Fri Oct 7 09:29:35 PDT 2016

spatel added a subscriber: v_klochkov.
spatel added a comment.

@jmolloy mentioned the surrounding context for deciding when to use the estimate instructions. I don't think anyone would argue that using an isel attribute to make the decision is anything more than a heuristic.

The alternative is to wait and/or fixup the isel decision in MachineCombiner or some other machine pass.

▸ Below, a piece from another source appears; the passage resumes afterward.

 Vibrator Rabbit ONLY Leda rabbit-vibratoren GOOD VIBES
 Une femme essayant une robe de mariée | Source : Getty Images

But I think it's worth copying this comment from https://reviews.llvm.org/D18751 / @v_klochkov again - this is at least the 3rd time I've done this. :)

The comment is about FMA, and the examples use x86 cores, but the problem for the compiler is the same: choosing the optimal instructions is a hard problem, and it may not be possible to make this decision without some kind of heuristic.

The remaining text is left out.